> _Provided entries_:
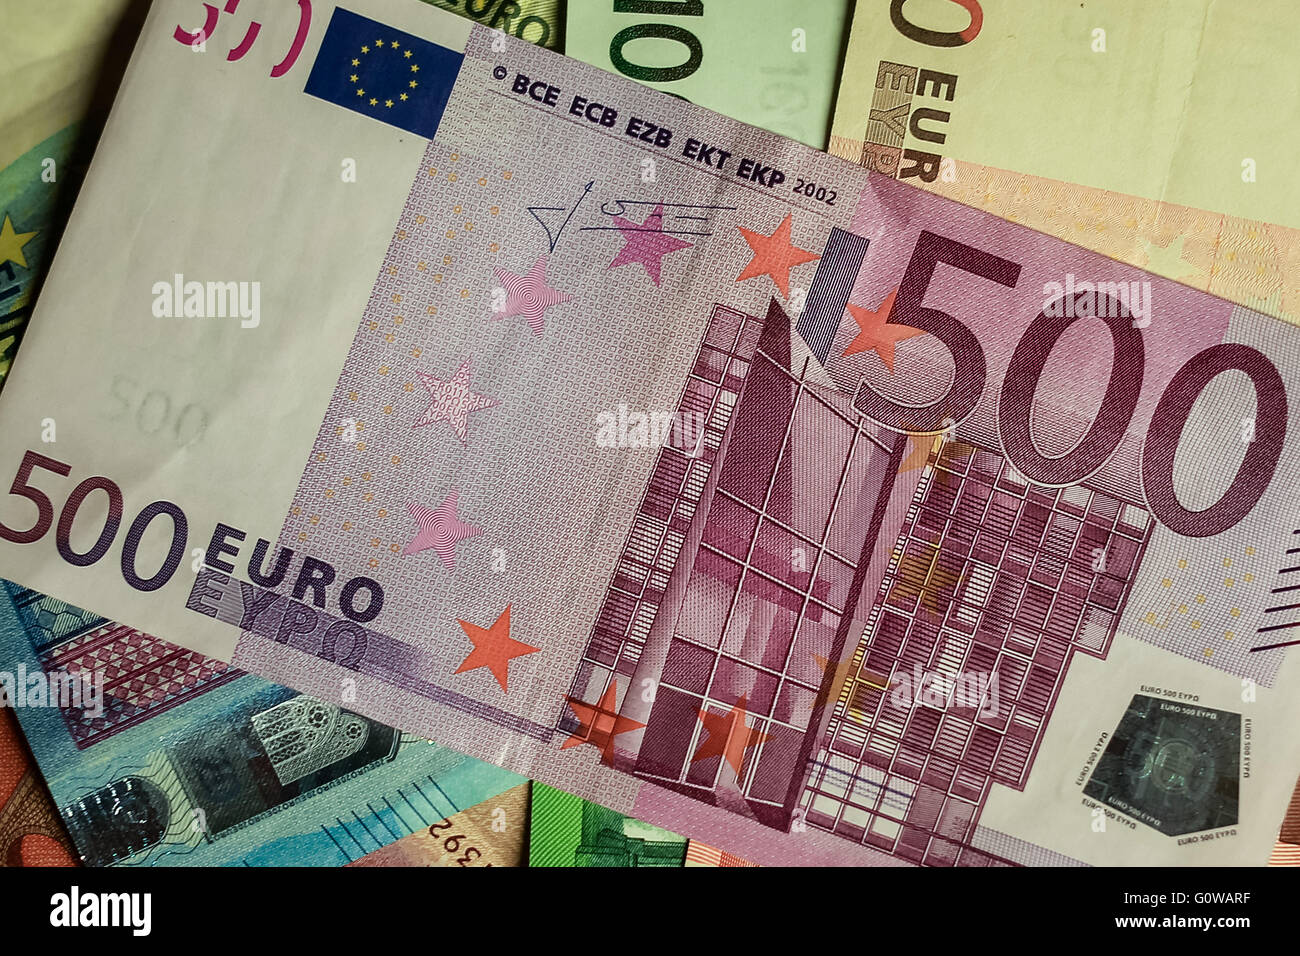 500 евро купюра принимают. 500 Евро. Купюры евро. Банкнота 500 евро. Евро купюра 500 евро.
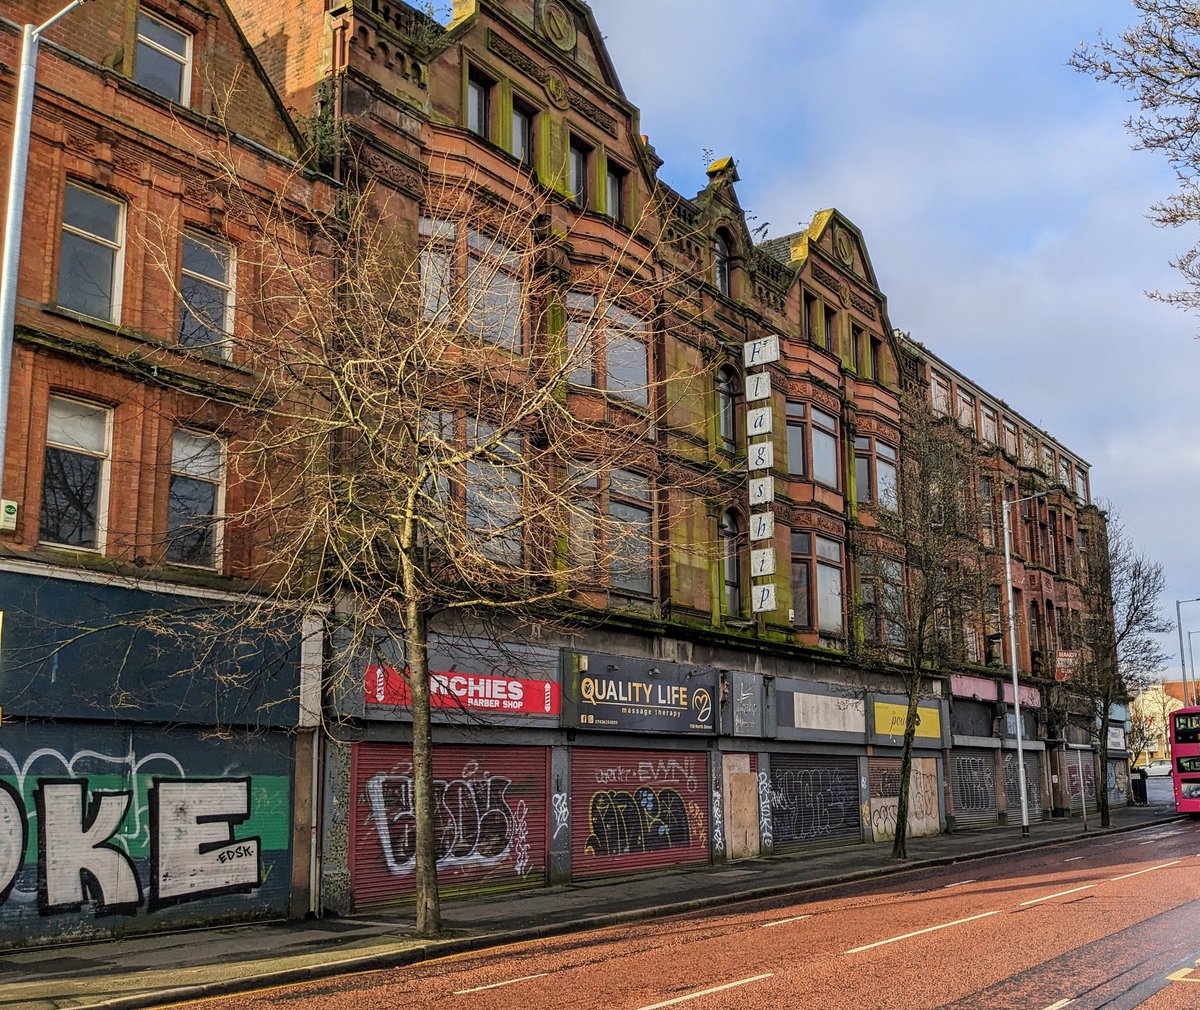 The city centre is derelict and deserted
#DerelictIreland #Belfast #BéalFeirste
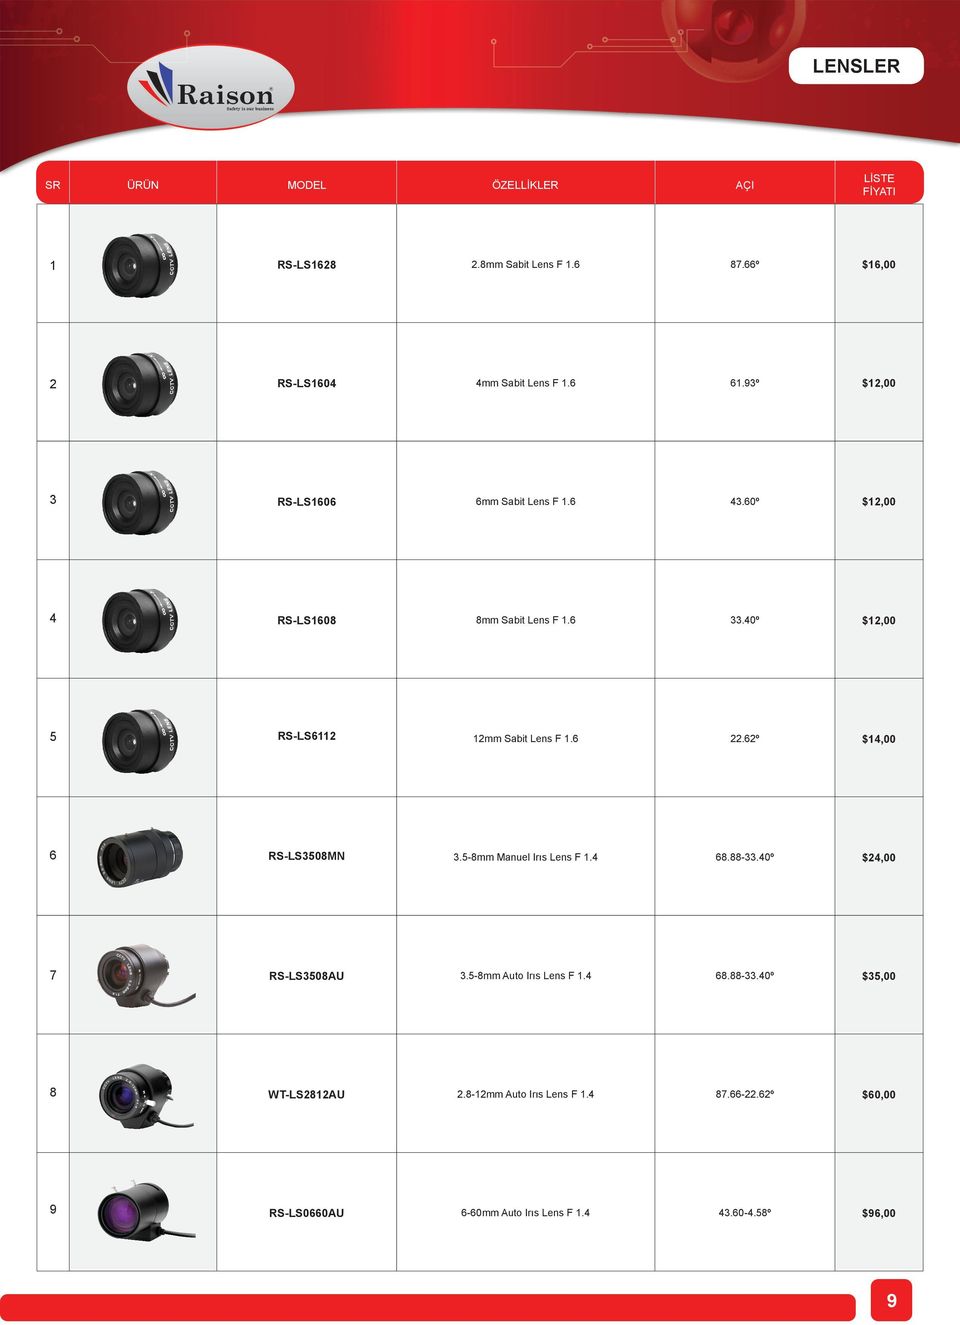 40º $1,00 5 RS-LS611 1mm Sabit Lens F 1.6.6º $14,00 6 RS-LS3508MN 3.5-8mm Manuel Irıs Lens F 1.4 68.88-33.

--

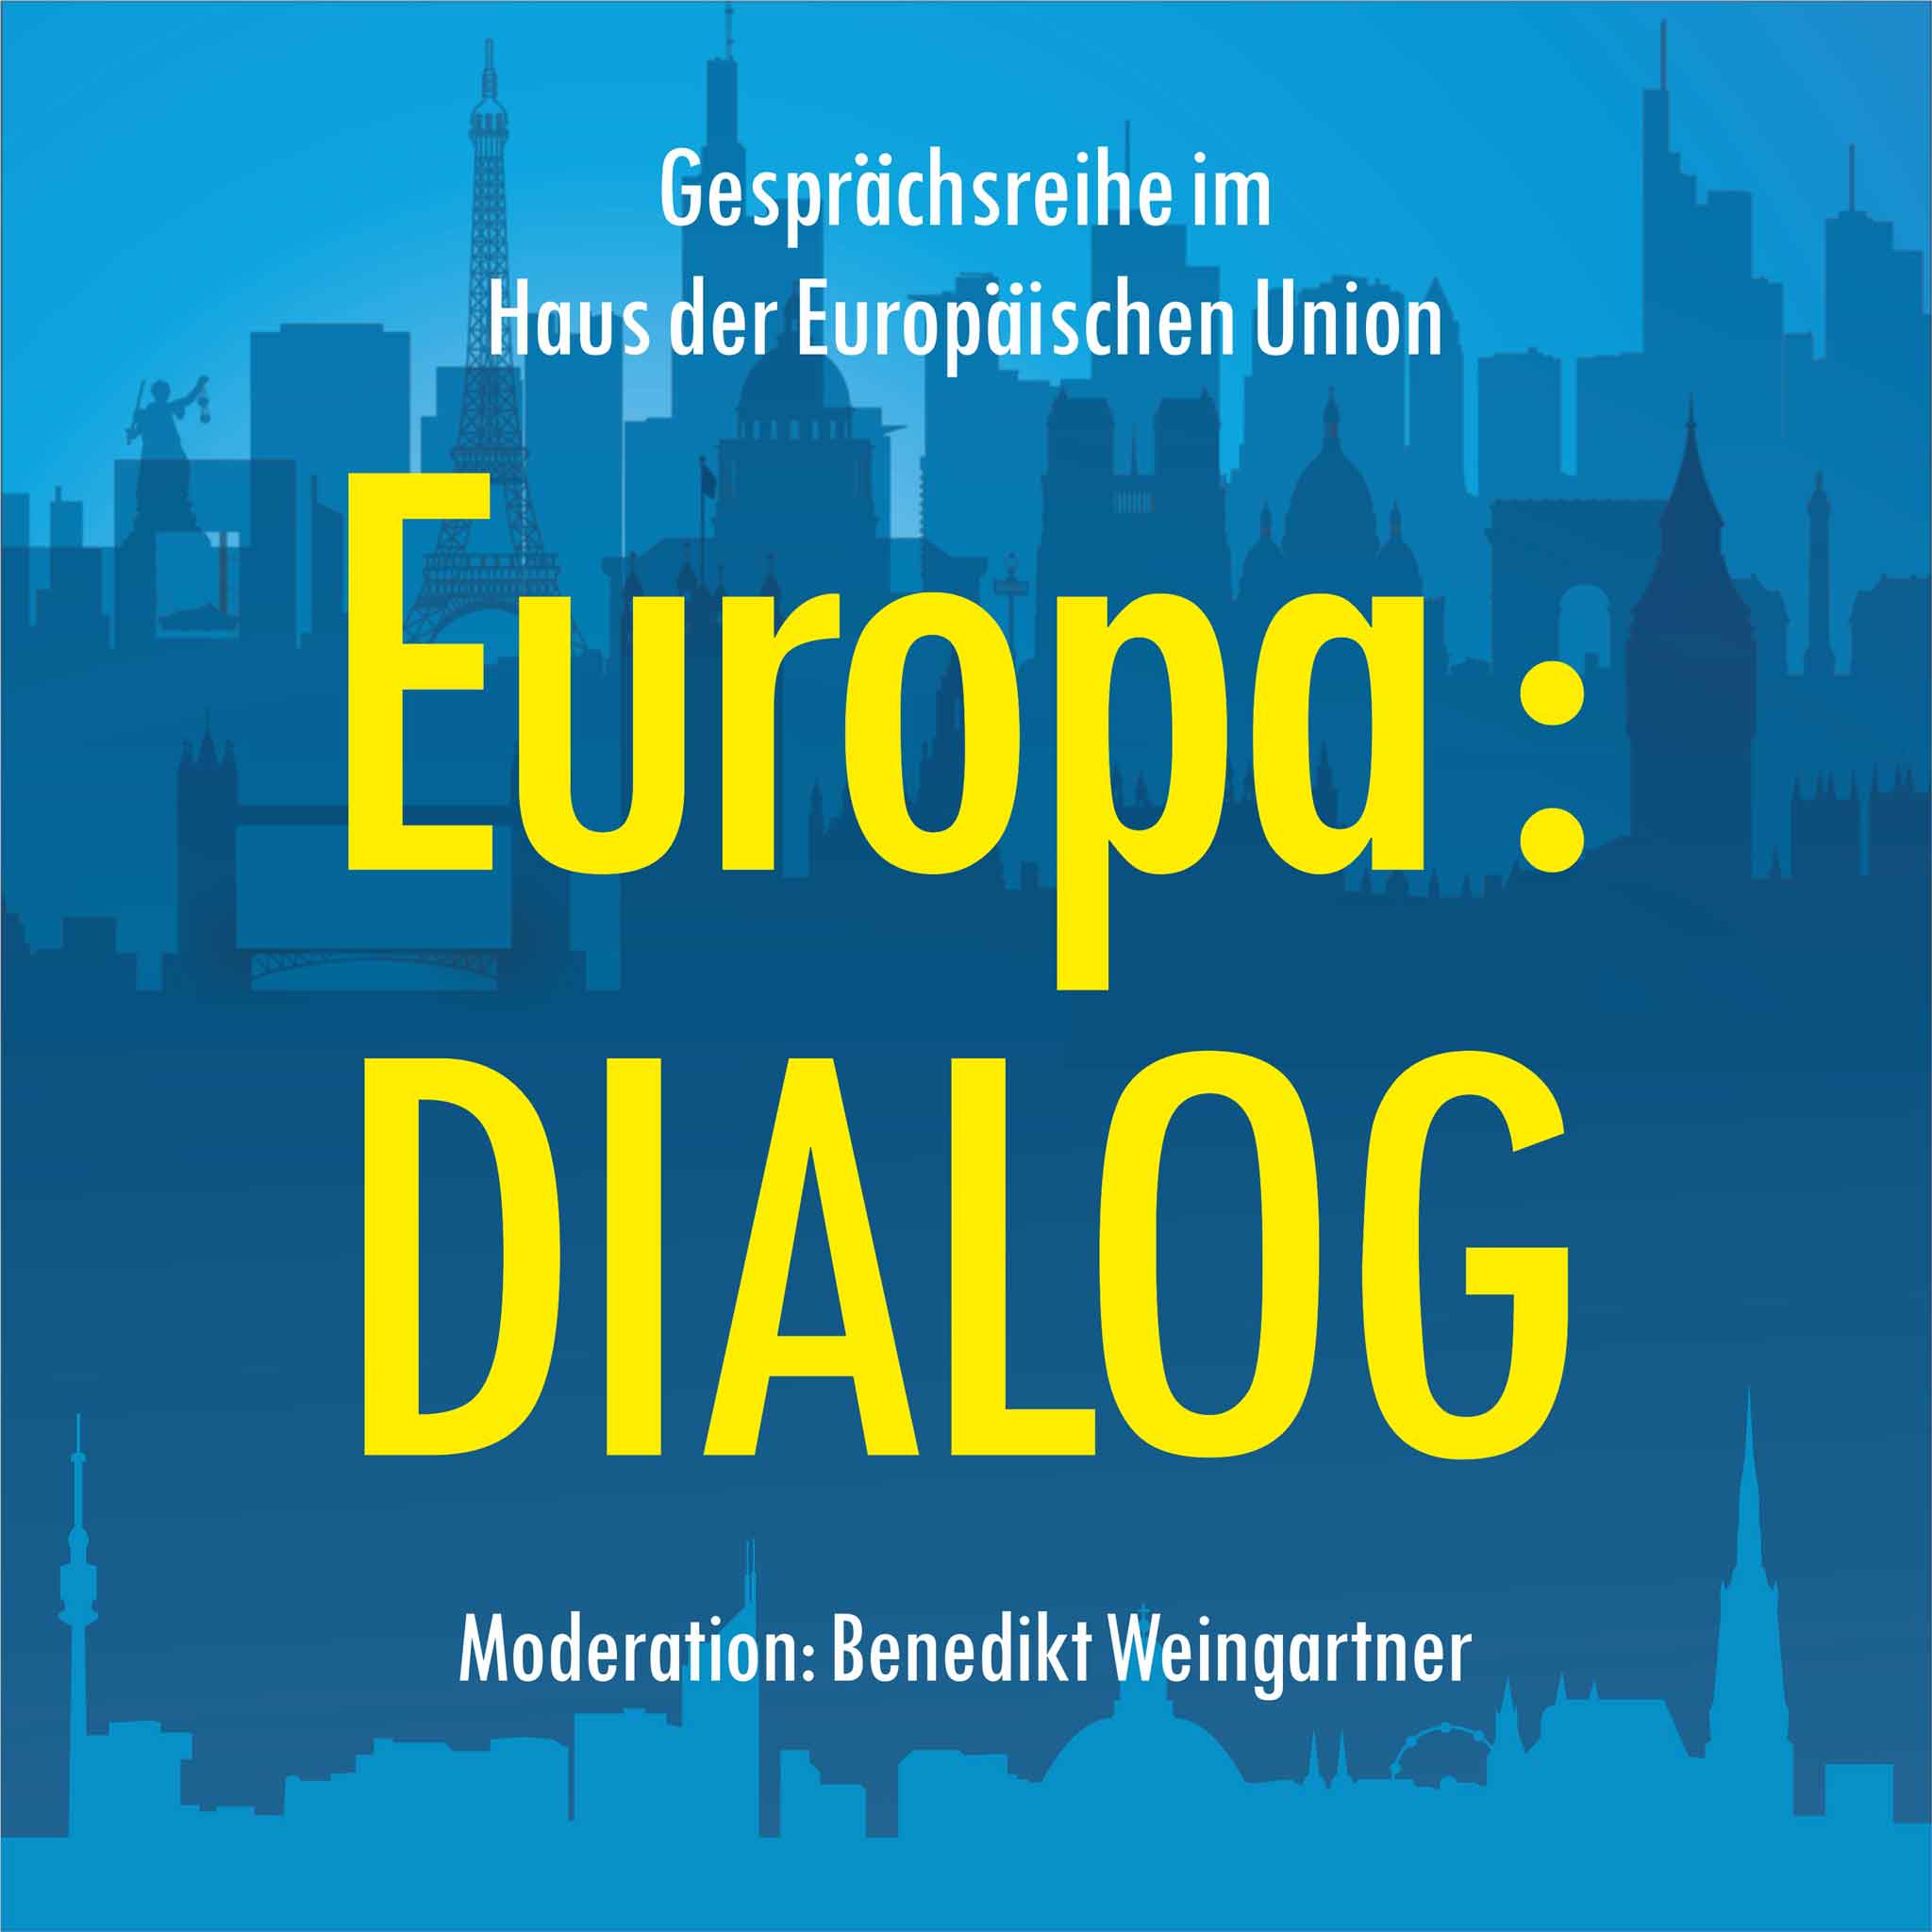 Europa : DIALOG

> _Exercise aim_: In the entries above, find the line containing "#DerelictIreland #Belfast #BéalFeirste" and the line containing "40º $1,00 5"; give again exactly those two lines and every line between them, minus the pictures.

> _Written response_:
#DerelictIreland #Belfast #BéalFeirste
 40º $1,00 5 RS-LS611 1mm Sabit Lens F 1.6.6º $14,00 6 RS-LS3508MN 3.5-8mm Manuel Irıs Lens F 1.4 68.88-33.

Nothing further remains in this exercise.